START Records for this exercise

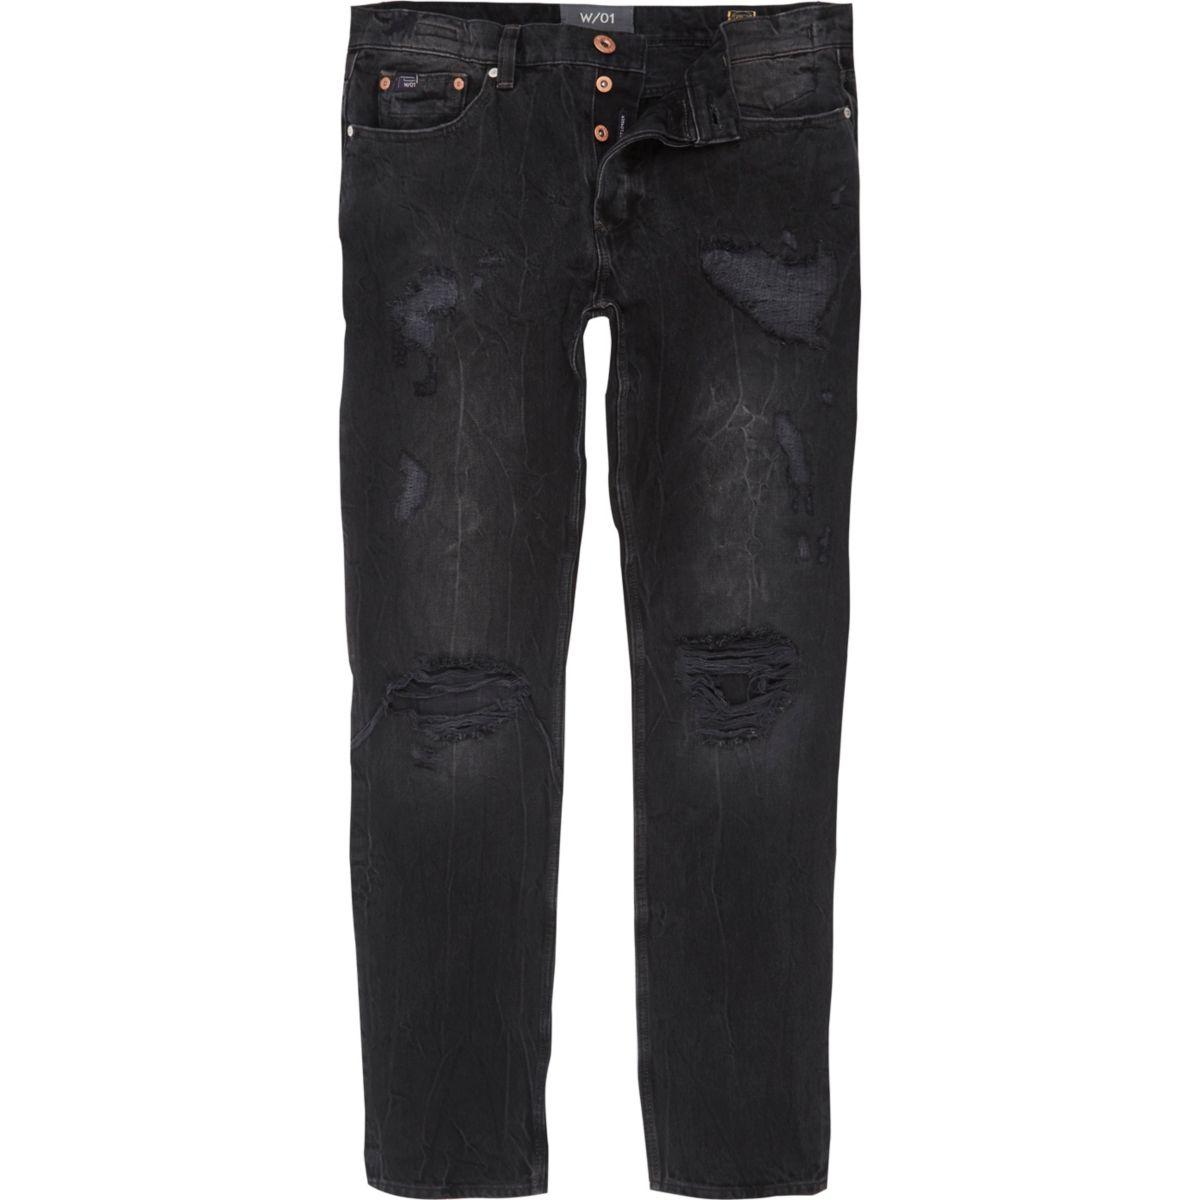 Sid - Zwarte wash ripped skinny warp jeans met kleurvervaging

END Records for this exercise
START Records for this exercise

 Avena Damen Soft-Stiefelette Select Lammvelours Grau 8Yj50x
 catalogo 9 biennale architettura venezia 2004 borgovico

END Records for this exercise

How to complete this task
Everything from the line with "Avena Damen Soft-Stiefelette" through the line with "catalogo 9 biennale" should be written out exactly as it appears above, end lines included, and nothing outside that range.

Exercise response
 Avena Damen Soft-Stiefelette Select Lammvelours Grau 8Yj50x
 catalogo 9 biennale architettura venezia 2004 borgovico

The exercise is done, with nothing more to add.